Boumerdès souffre toujours

Plus de deux mois après le séisme du 21 mai, la majorité de la population de Boumerdès est toujours sous les tentes. On n’a aperçu aucune de ces cabines sahariennes, censées assurer un toit aux familles dont les logements ont été irrémédiablement détruits.

En plus des camps relativement bien organisés, comme celui installé sur le stade municipal, les tentes sont éparpillées à travers toute la ville sur le moindre espace qui peut les accueillir. C´est que, hormis les villas basses et les pied-à-terre, tous les bâtiments ont été ébranlés, à un degré ou un autre, quand ils ne se sont pas effondrés en ensevelissant des dizaines de victimes.

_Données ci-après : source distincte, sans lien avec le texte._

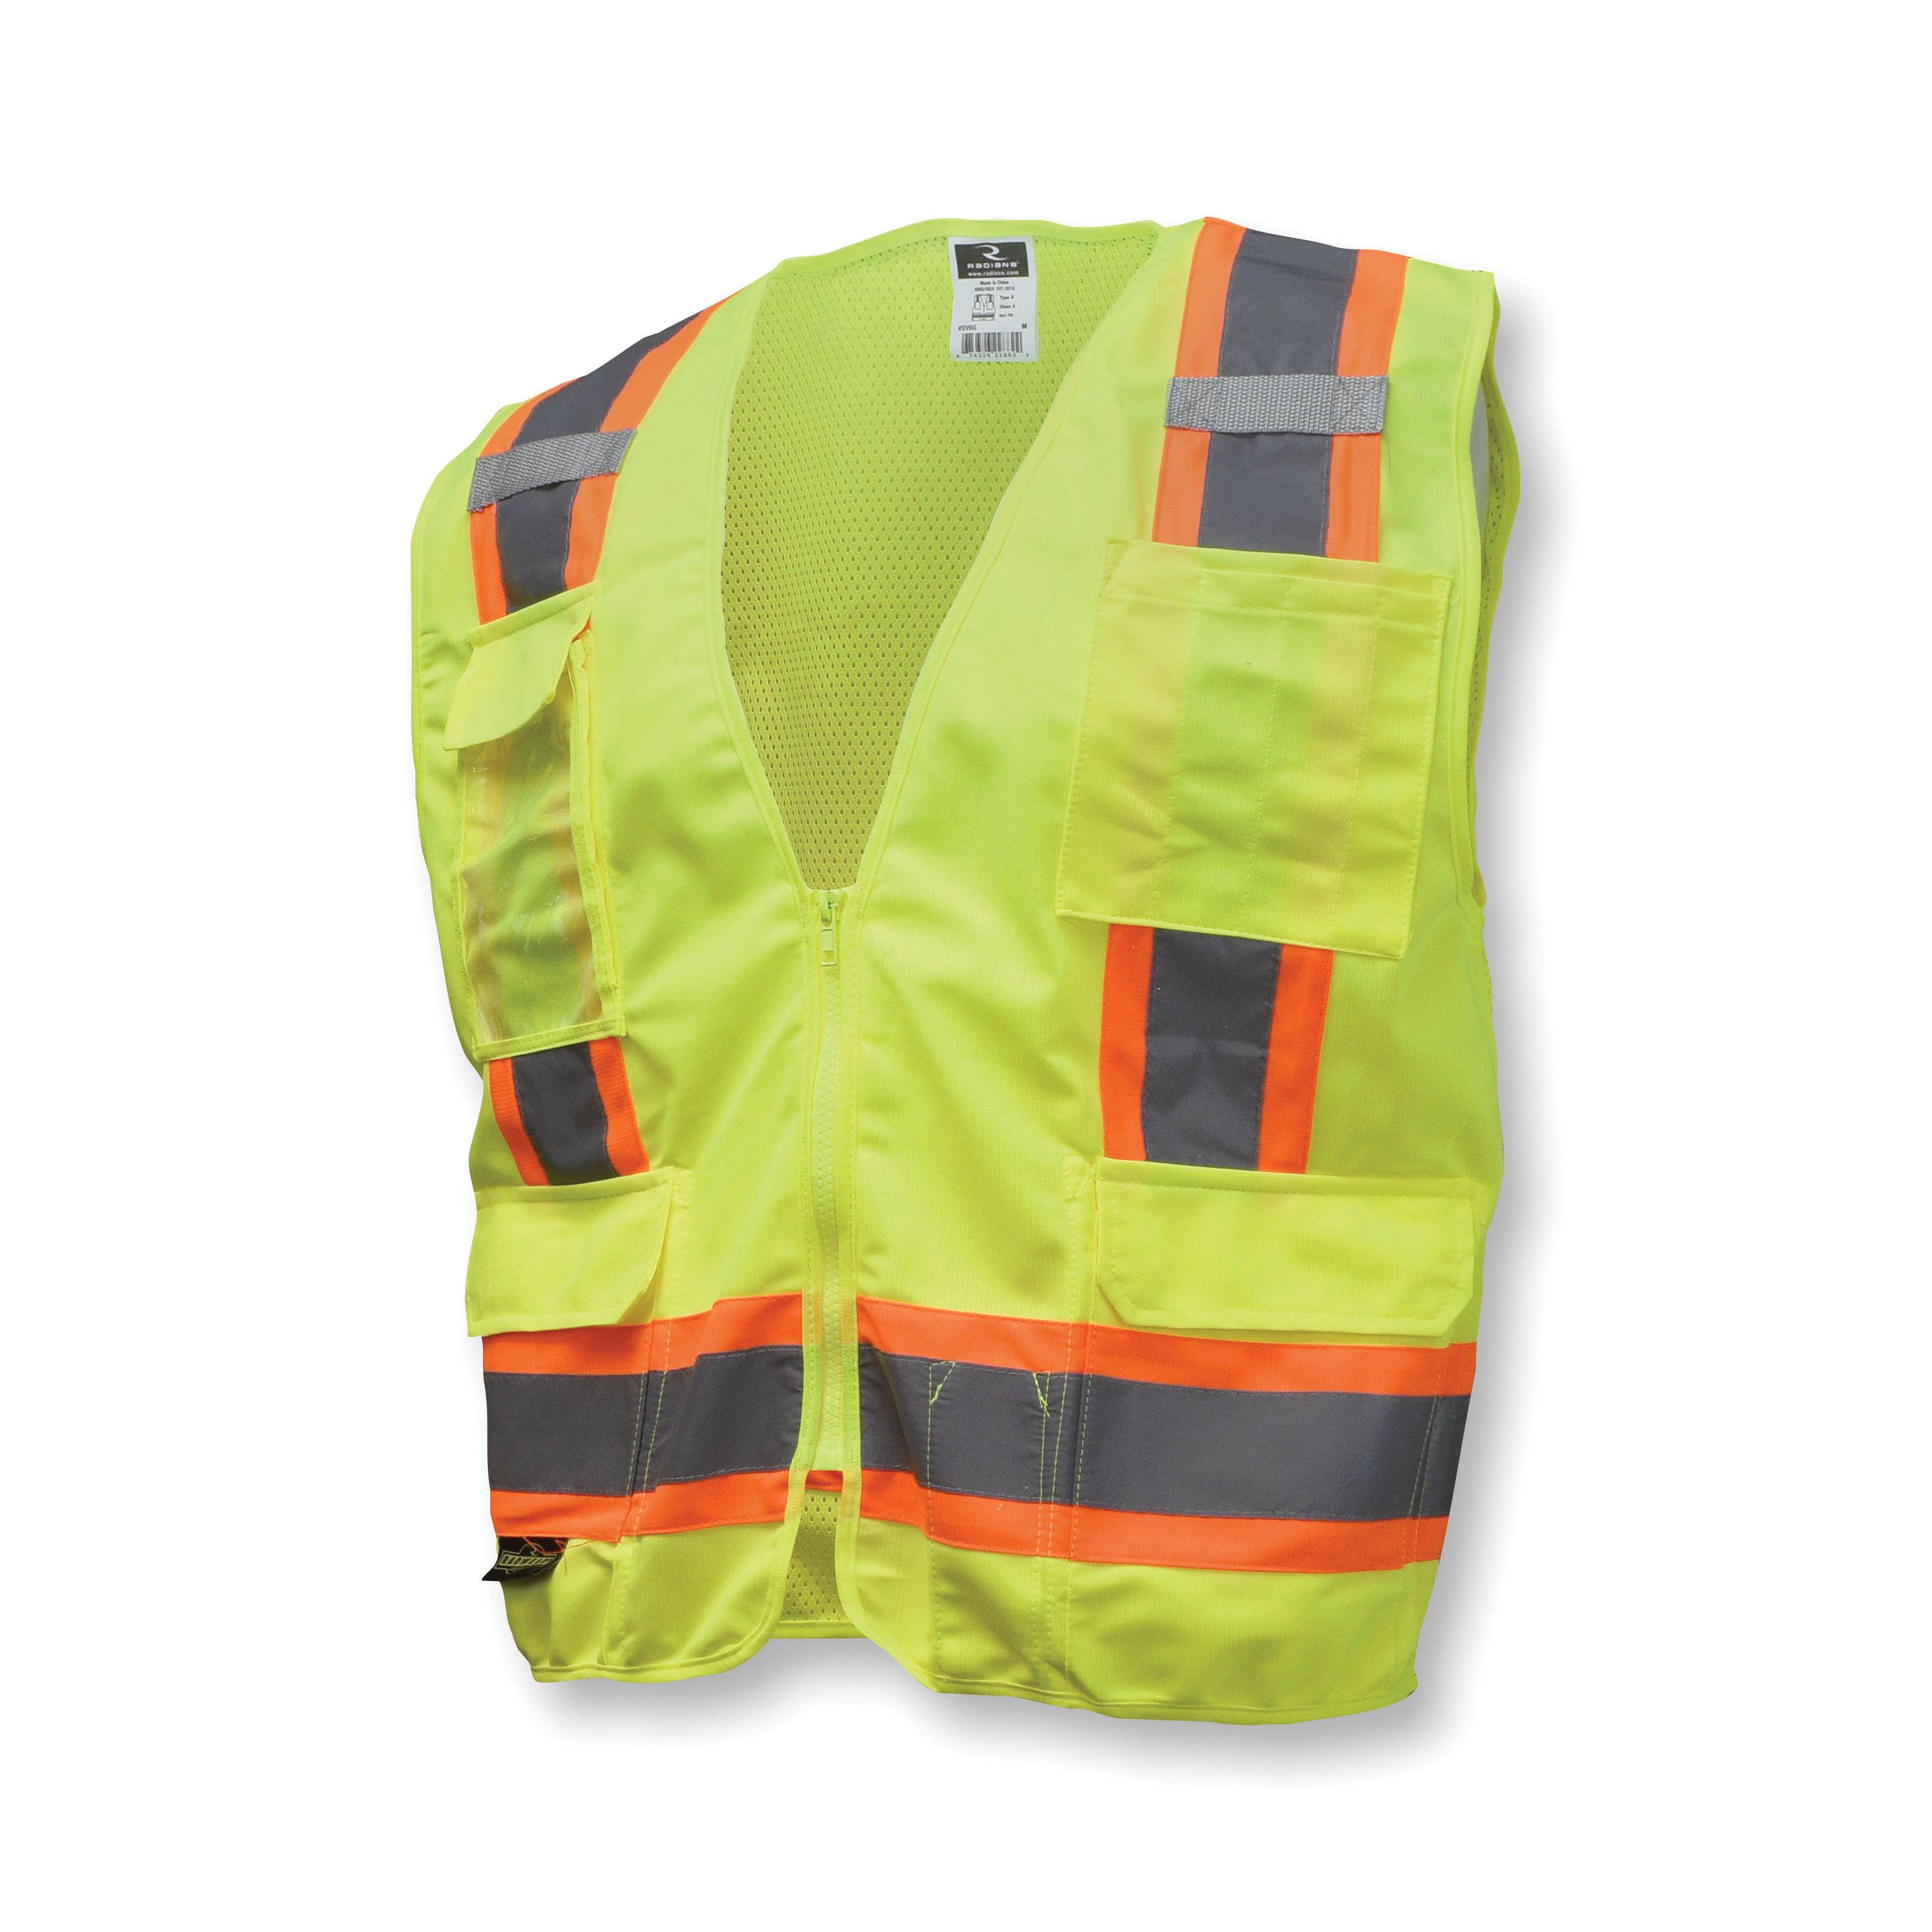 ANSI/ ISEA 107-2015 Radians 2 Pockets Green Mesh High Visibility Safety Vest

Chaleur - qui incommode surtout les contraintes par tradition à demeurer sous la tente - promiscuité qui exacerbe les nerfs, occupations quotidiennes (cuisine, vaisselle, nettoyage...) qui, dans ces conditions relèvent de l´héroïsme, ajoutés aux traumatismes psychologiques, font que le mot «sinistrés» est trop faible pour décrire le vécu des Boumerdassis.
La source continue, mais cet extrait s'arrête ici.